– Это еще что, – утешал меня Надзиратель. – Погоди, скоро болезни начнутся.
Это уж обязательно, думал я. Трахома, воспаление внутреннего уха, авитаминоз, дизентерия, инфекции мочевыводящих путей. Малярия, холера, туберкулез, тиф. И я слыхал про новую заразу, у которой нет еще имени. Она косит шлюх -говорят, они сперва превращаются в ходячие скелеты, а потом подыхают, но сутенеры из злачных мест Каматипуры скрывают это. Тут мне, правда, контакт со шлюхой не грозит.
Из-за комариных укусов и тараканов мне начало казаться, что моя кожа отлипает от тела, как мне давным-давно снилось. Но в нынешнем варианте сна вместе с кожей я лишался всех составных частей моей личности. Я становился никем, ничем; точнее сказать – тем, что из меня хотели сотворить. Я превращался в то, чем меня обзывал Надзиратель, что чуяли мои ноздри, к чему с растущим вожделением приглядывались крысы. Я превращался в тухлятину.
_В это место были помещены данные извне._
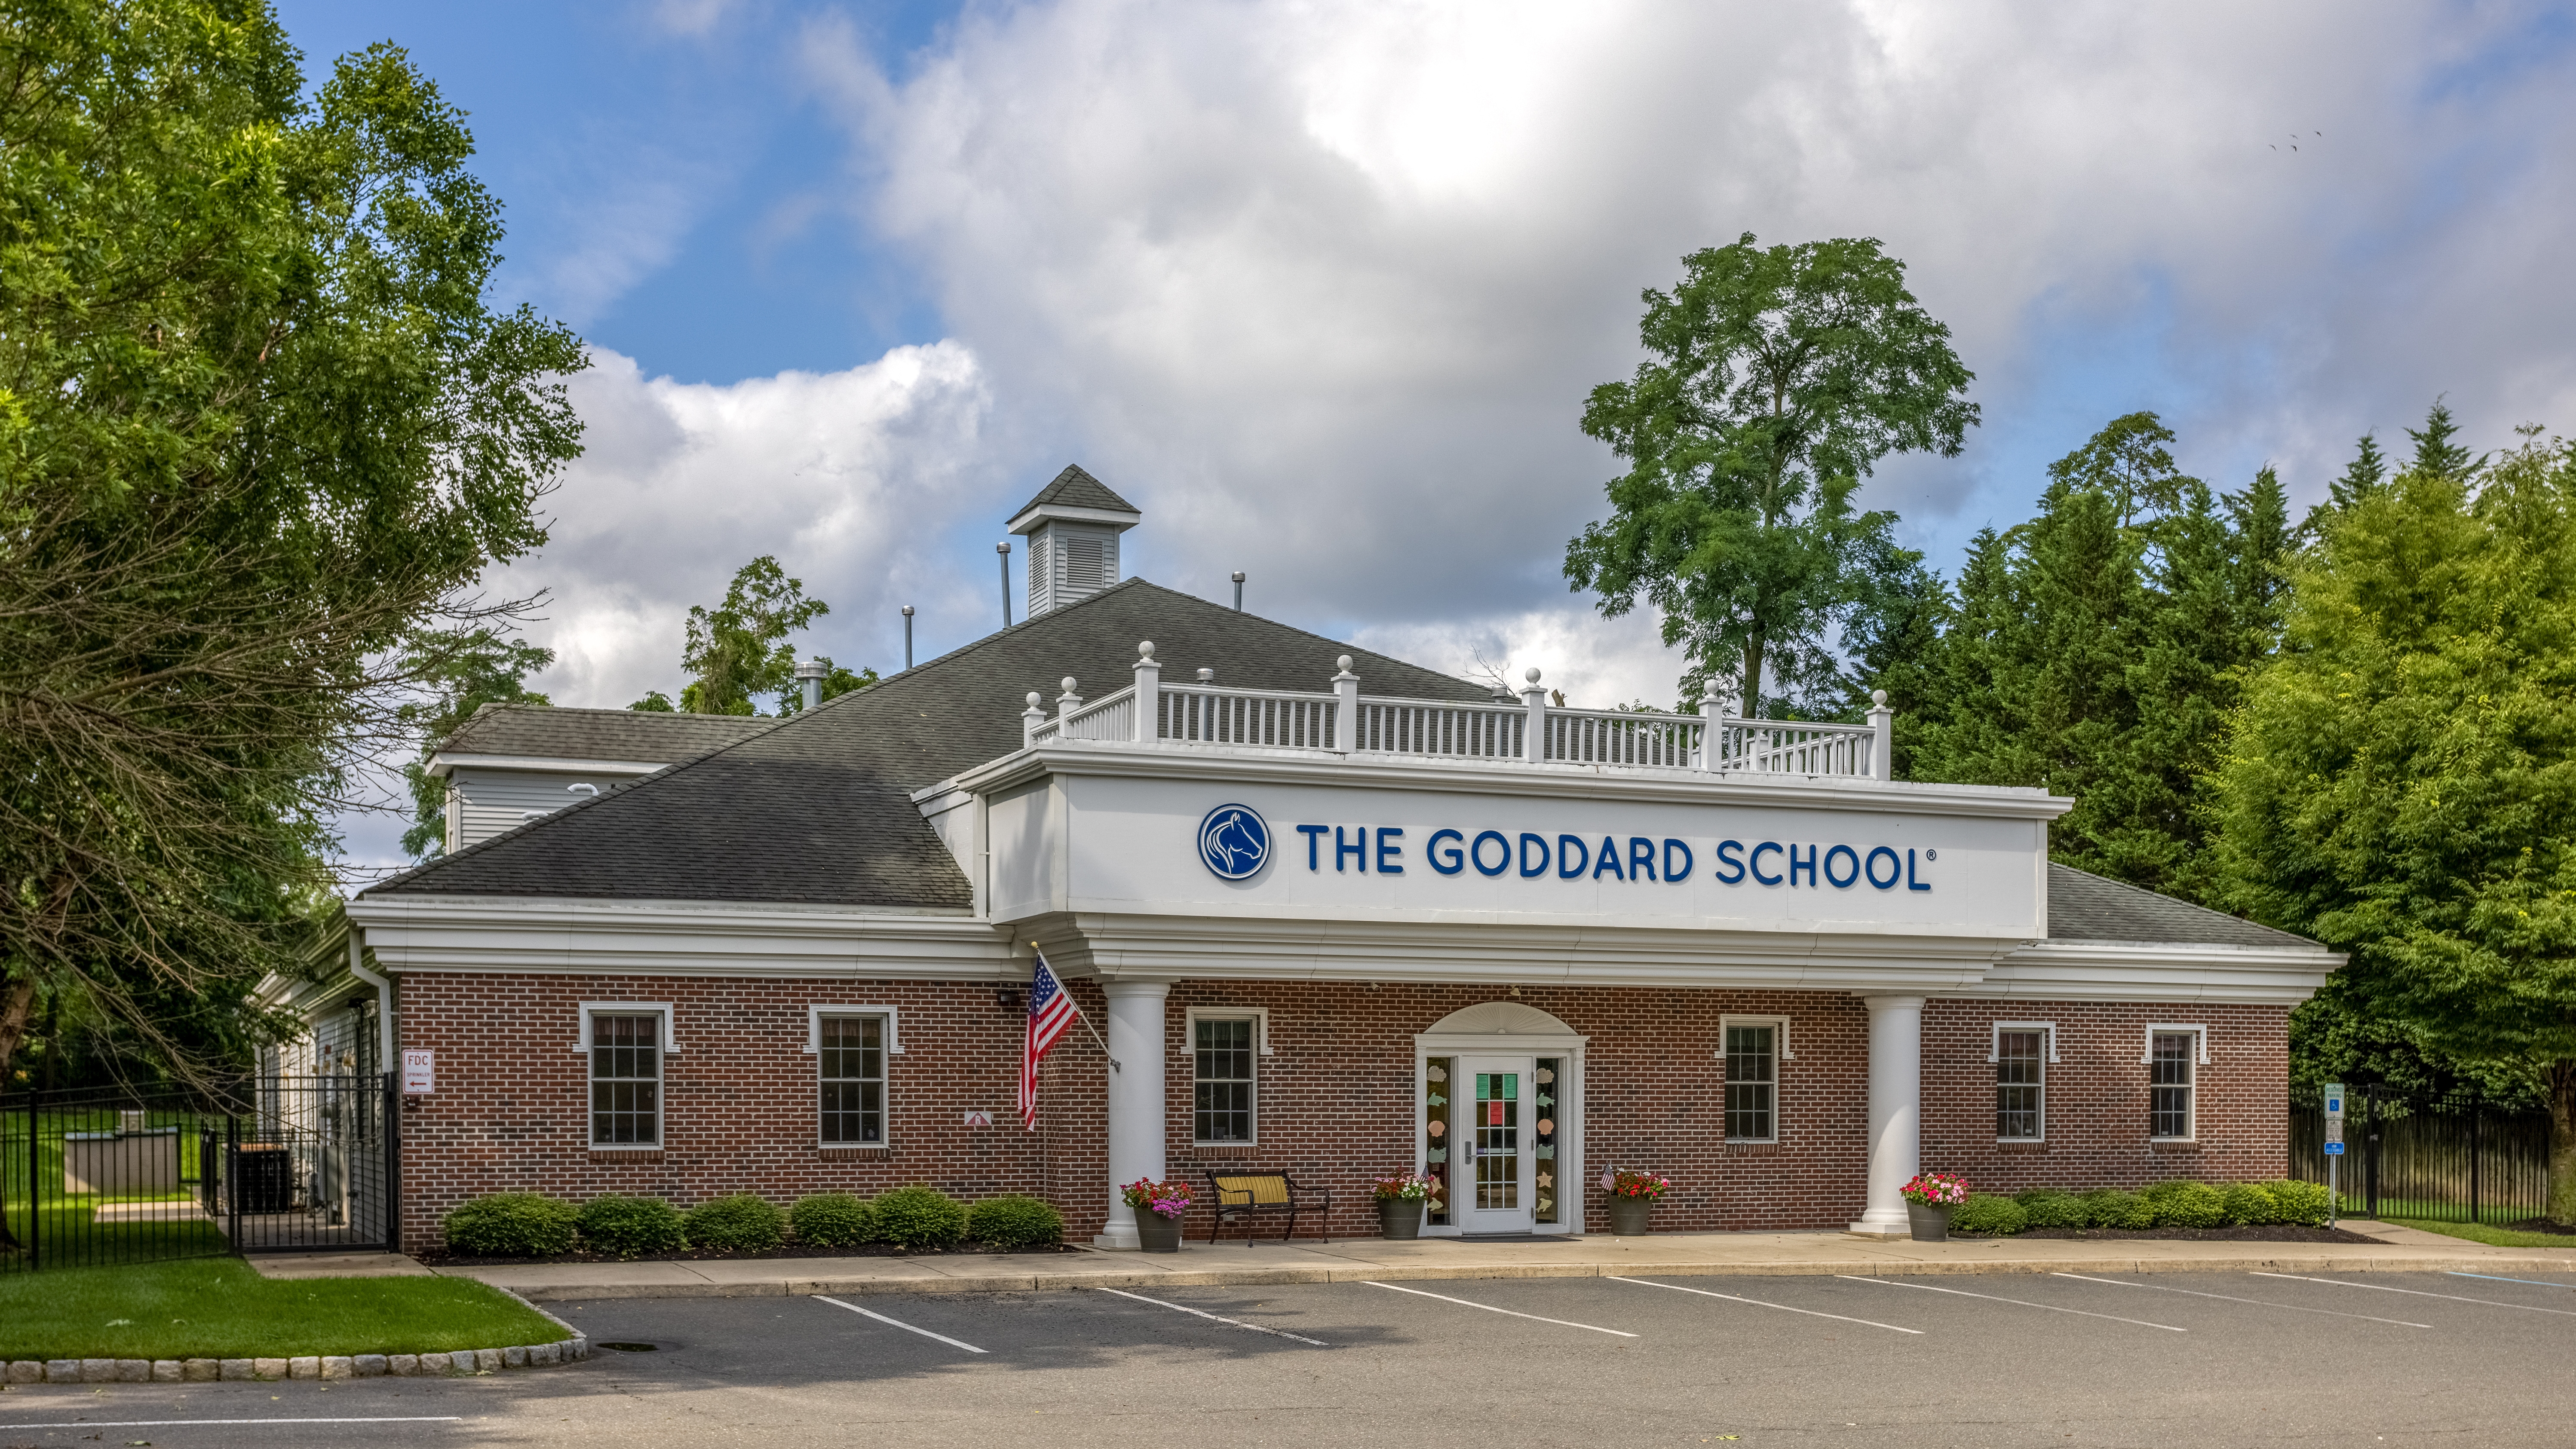 The Goddard School of Delran Moorestown (856)461-2250

Я пытался уцепиться за прошлое. Я искал виновных в моем горьком несчастье и винил больше всех мать, которой отец не в силах был сказать «нет». – Ибо что это за мать, если она готова без всякой серьезной причины уничтожить своего ребенка, своего единственного сына? – Не мать, а чудовище!
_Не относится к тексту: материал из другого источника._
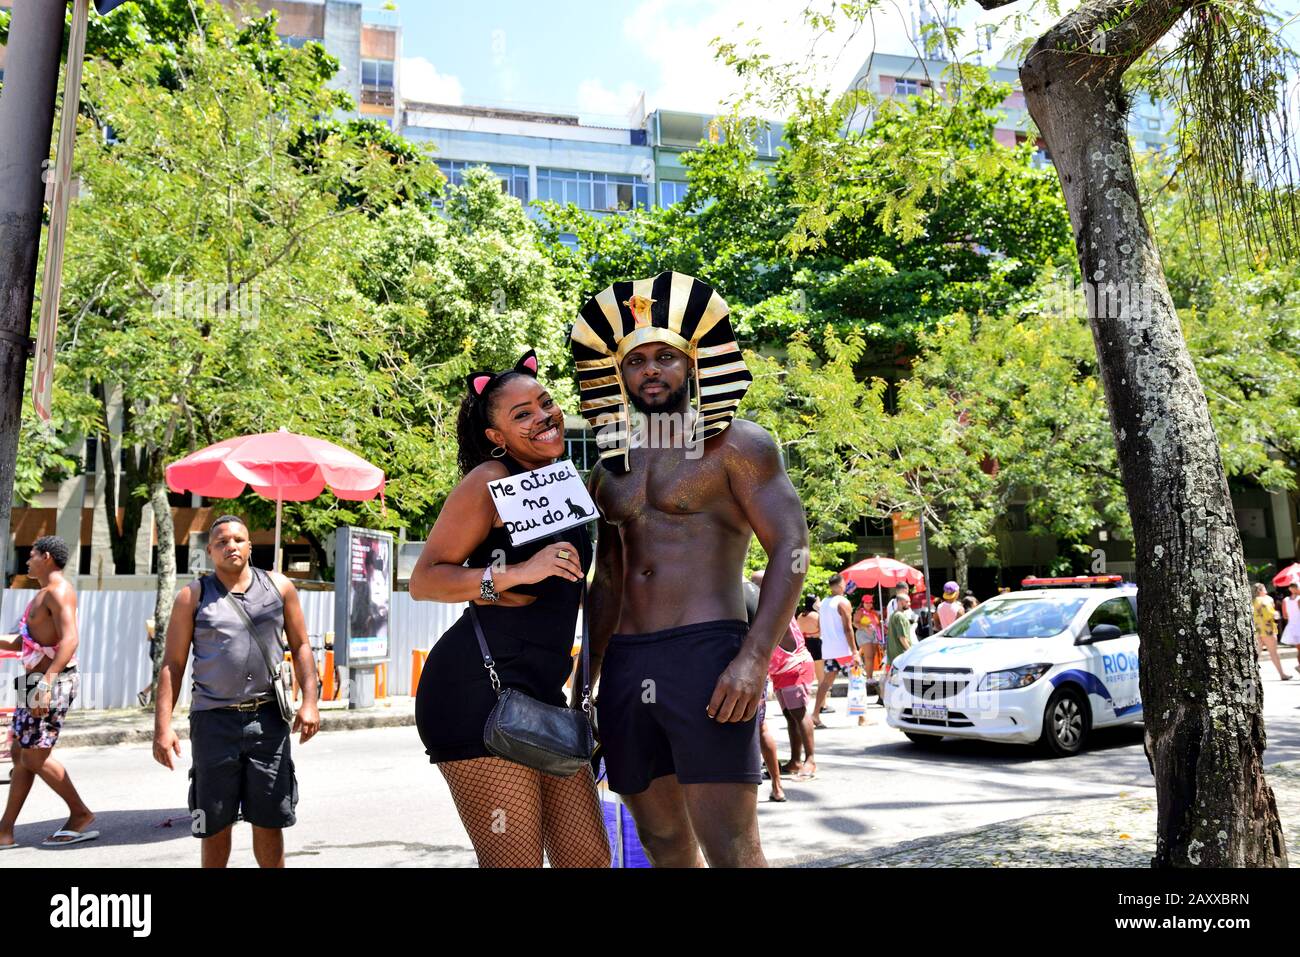 Brésil – le 8 février 2020 : les révéeurs costqués apprécient les festivités de la rue du Carnaval de Rio de Janeiro, un événement avec intérêt touristique international Banque D'Images

Мы вошли в эпоху чудовищ – калиюгу, когда косоглазая, кровавоязыкая Кали [108], наша бешеная богиня, носится повсюду в губительном танце. – И помни, о Беовульф, что мать Гренделя [109] еще страшней, чем он сам… Ах, Аурора, как легко ты обратилась к детоубийству, с какой ледяной стремительностью ты решилась отправить свою плоть и кровь на последнее издыханье, извергнуть сына из атмосферы материнской любви и бросить в безвоздушное пространство, где язык его распухнет, глаза вылезут из орбит и он умрет ужасной смертью!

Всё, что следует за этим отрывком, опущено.